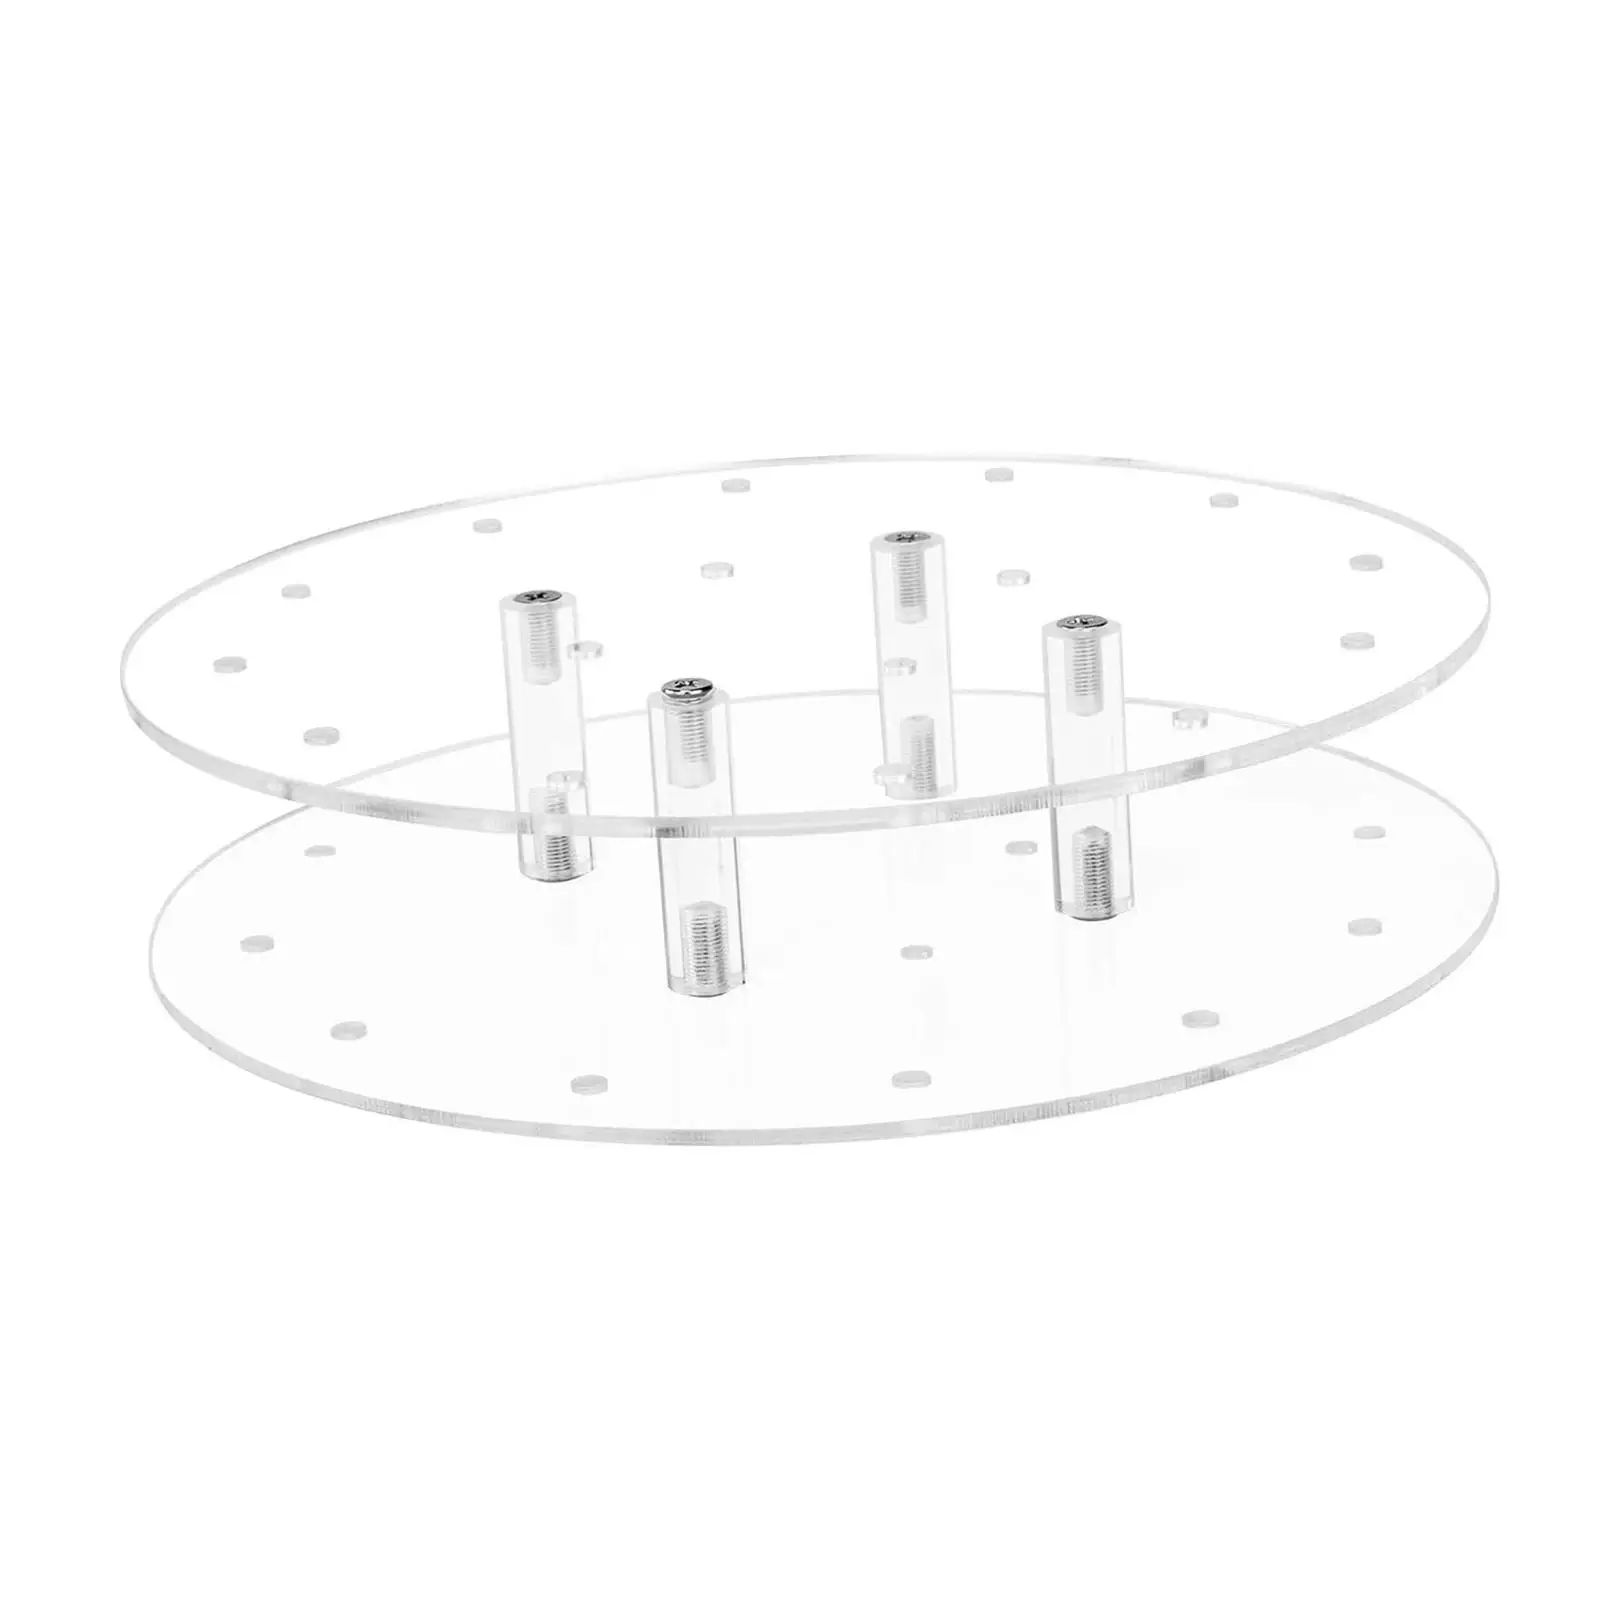 Clear Acrylic Cake Display Stand 2 Tiered Cake Holder Dessert Stands for Anniversary Thanksgiving Christmas Halloween Decoration
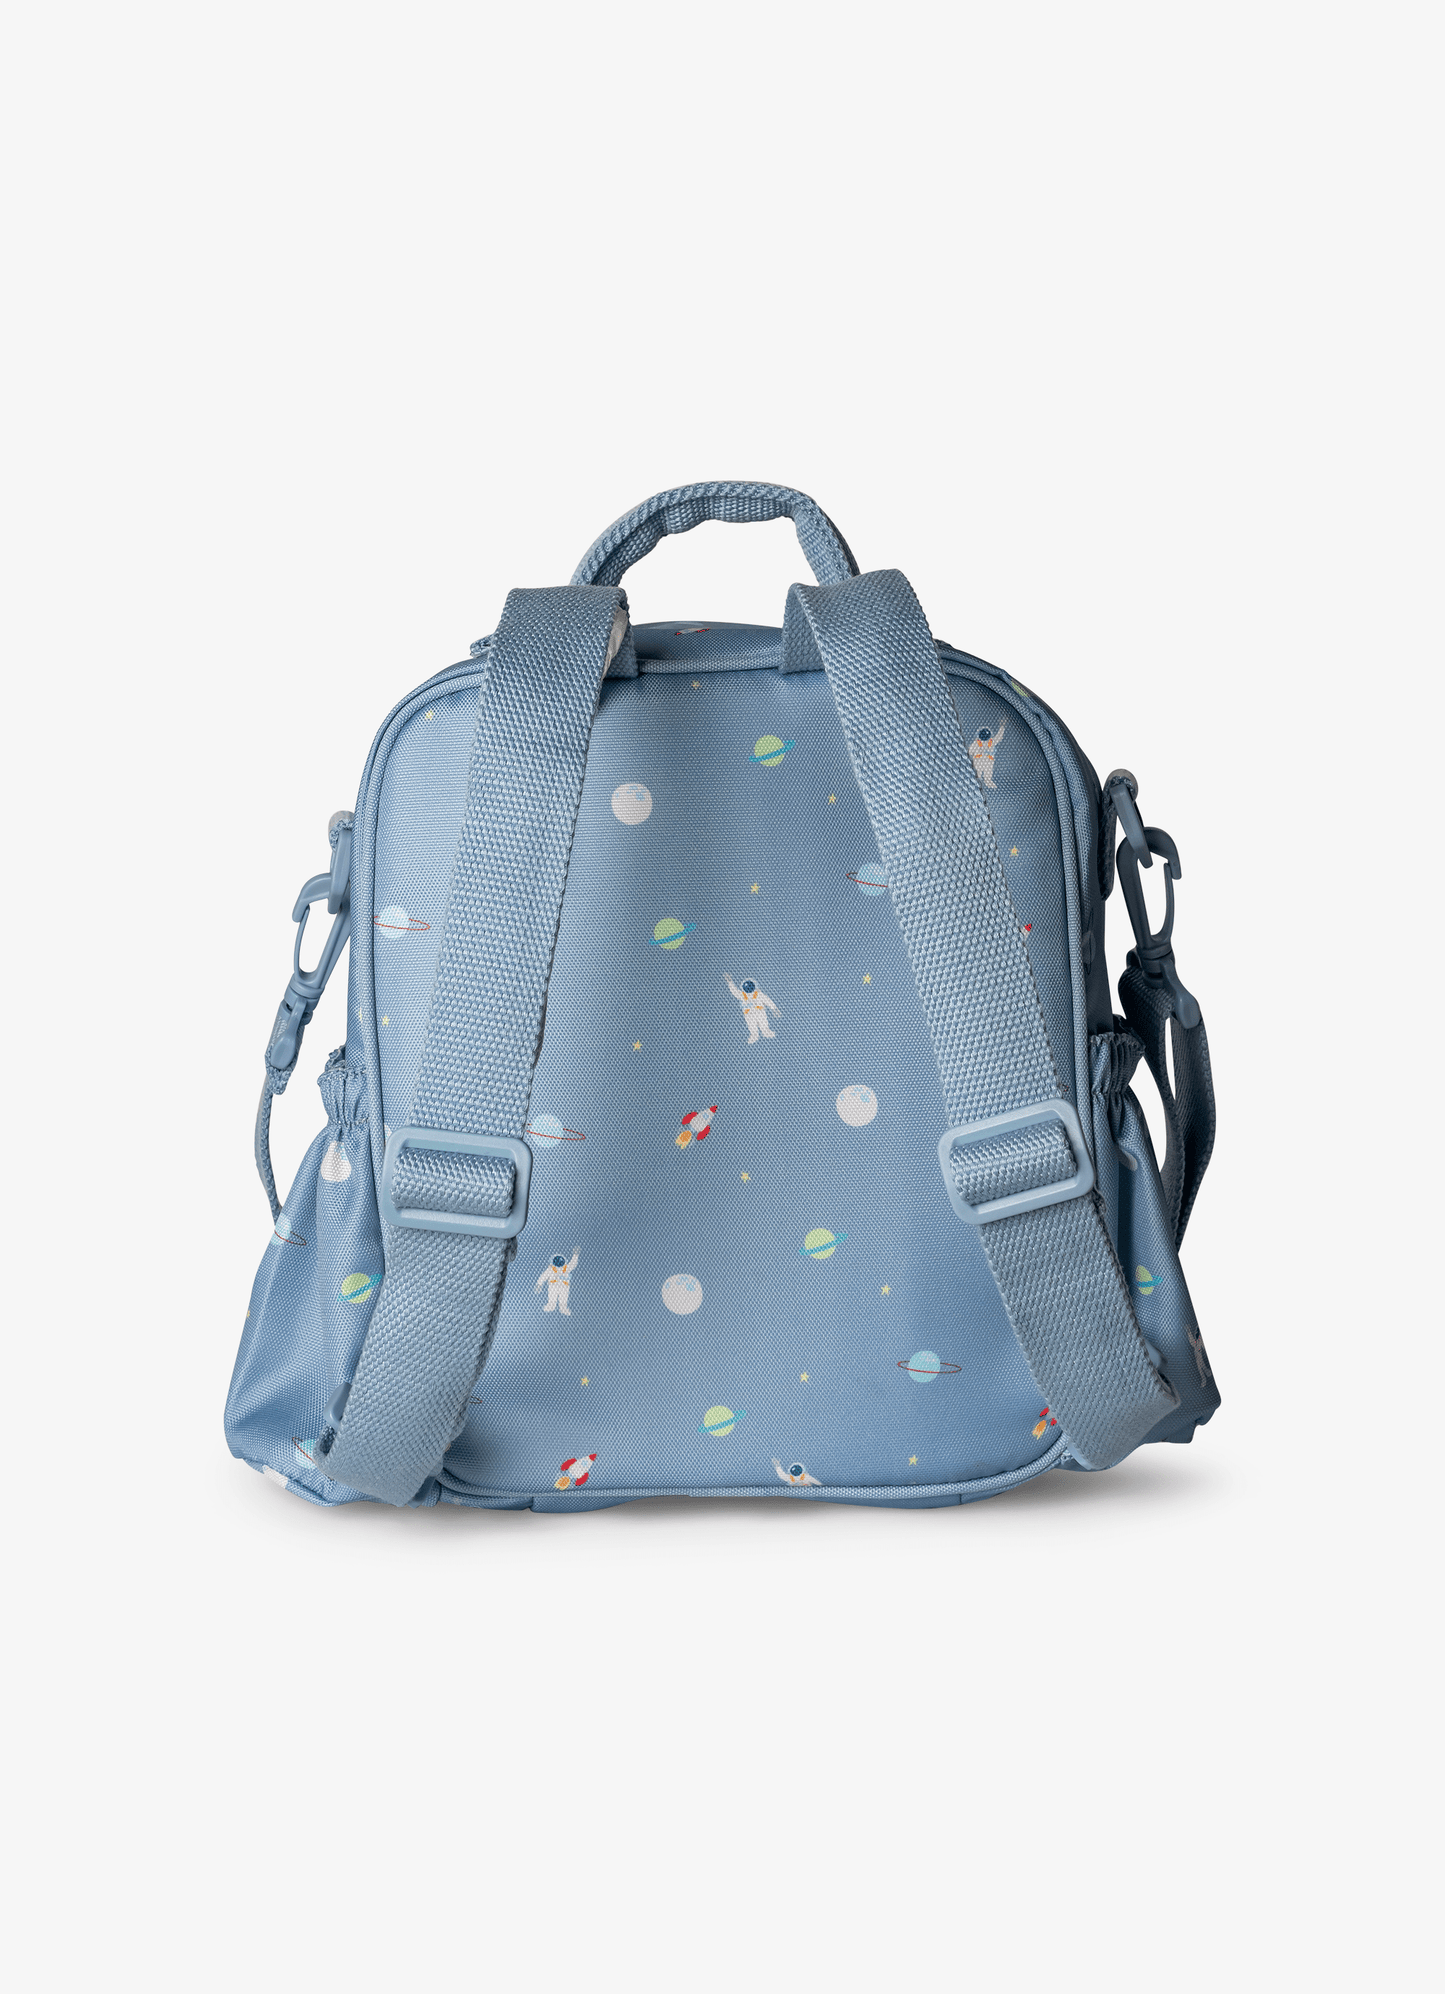 Insulated Lunch Bag Backpack - Spaceship Dusty Blue
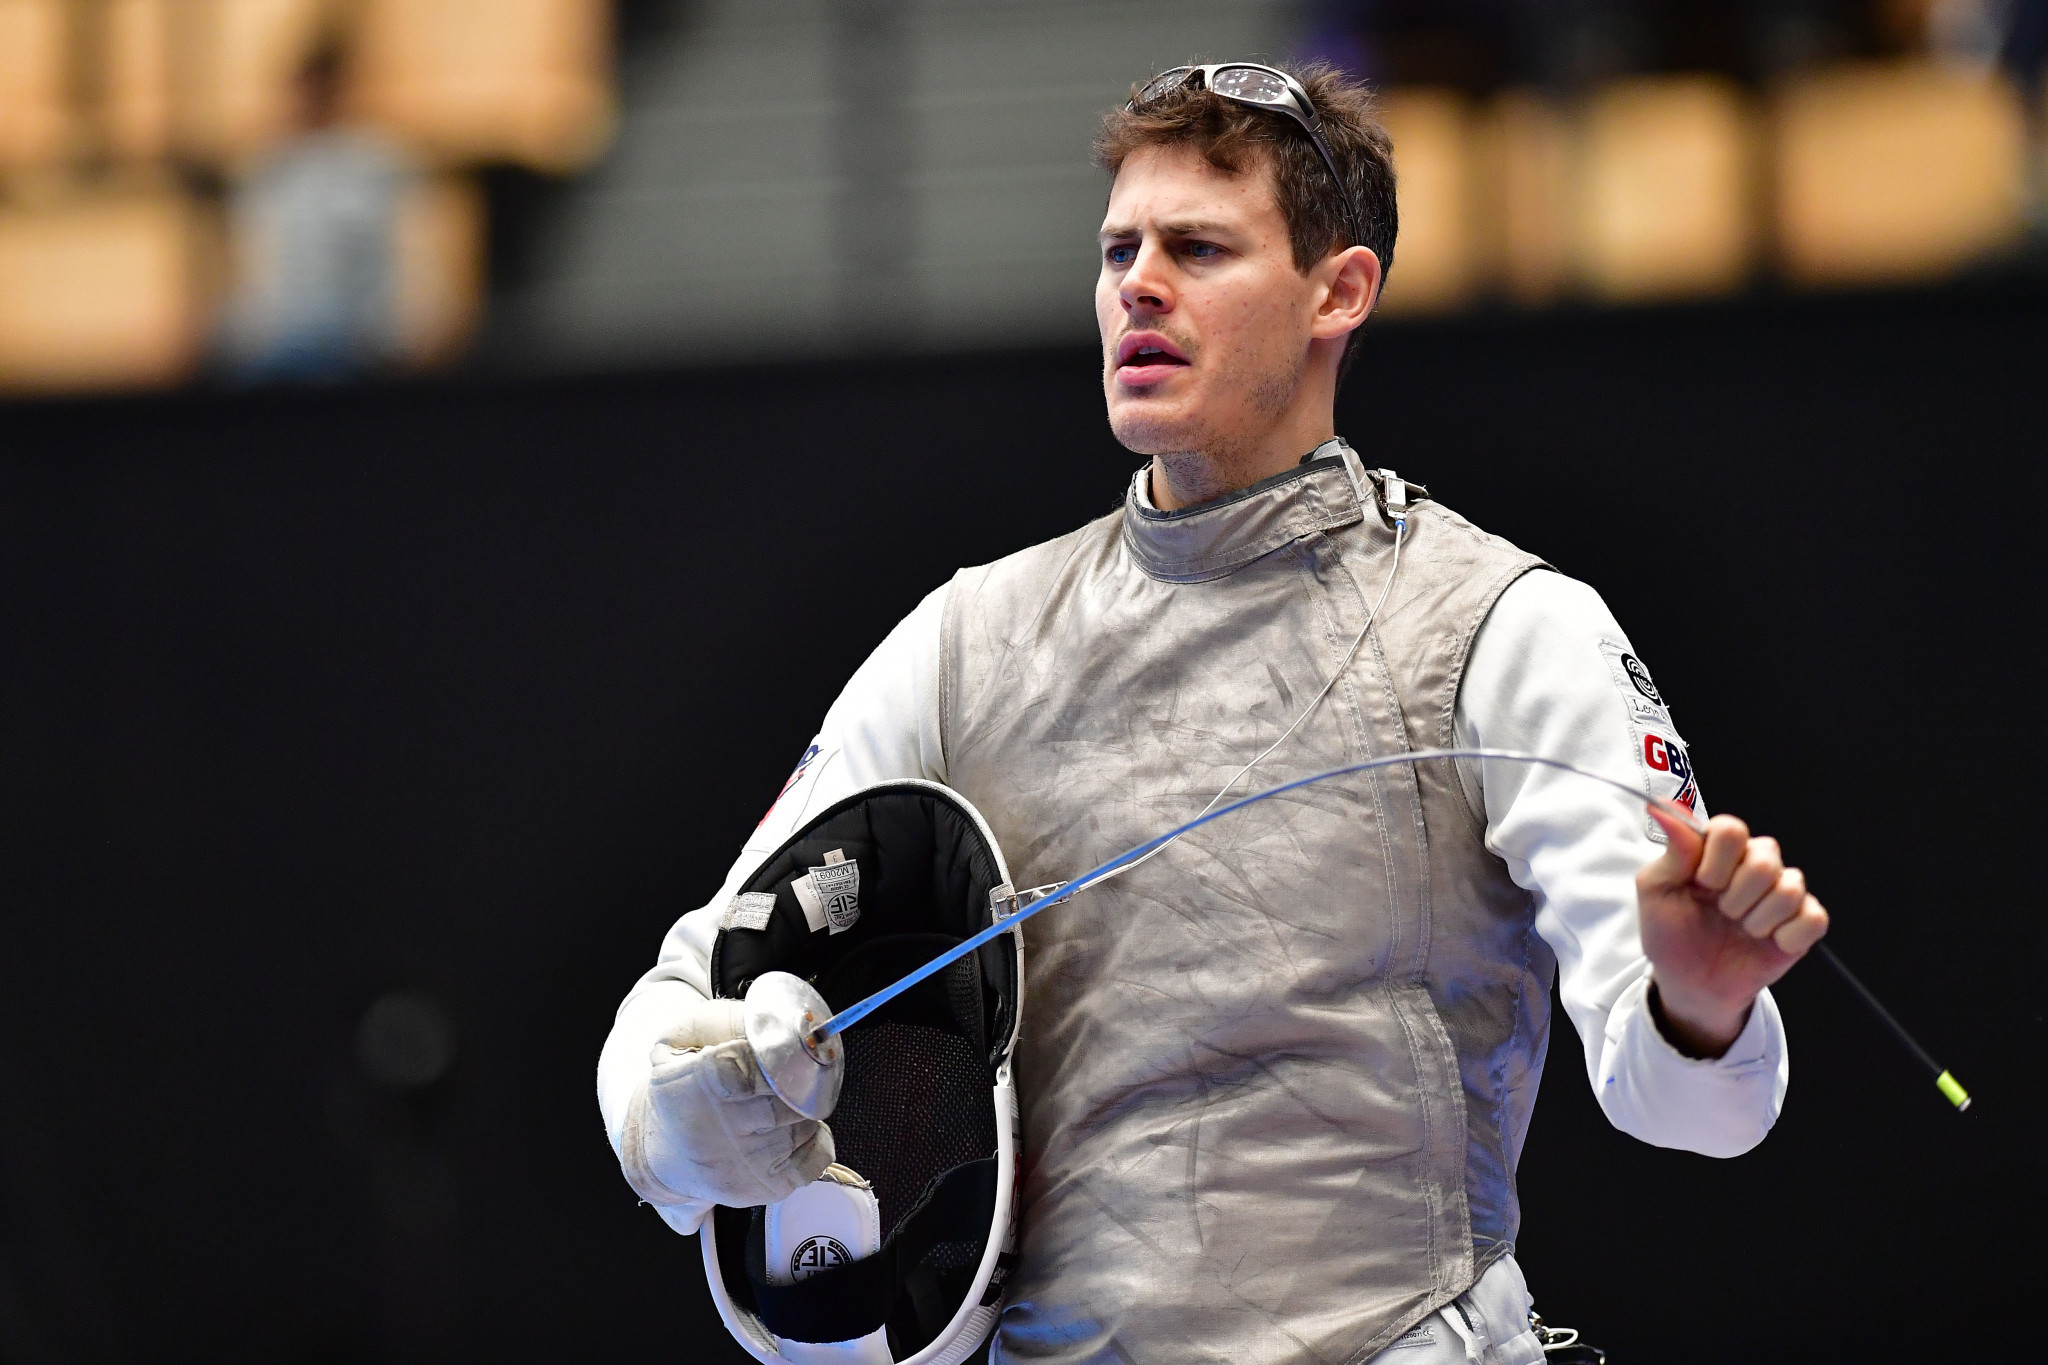 Home fencer earns showdown with Kruse at FIE Foil Grand Prix in Shanghai

ACTION ITEM:
Omit pictures; set down the rest of the material word for word.

EXERCISE RESPONSE:
 Clear Acrylic Cake Display Stand 2 Tiered Cake Holder Dessert Stands for Anniversary Thanksgiving Christmas Halloween Decoration
 Insulated Lunch Bag Backpack - Spaceship Dusty Blue
 Home fencer earns showdown with Kruse at FIE Foil Grand Prix in Shanghai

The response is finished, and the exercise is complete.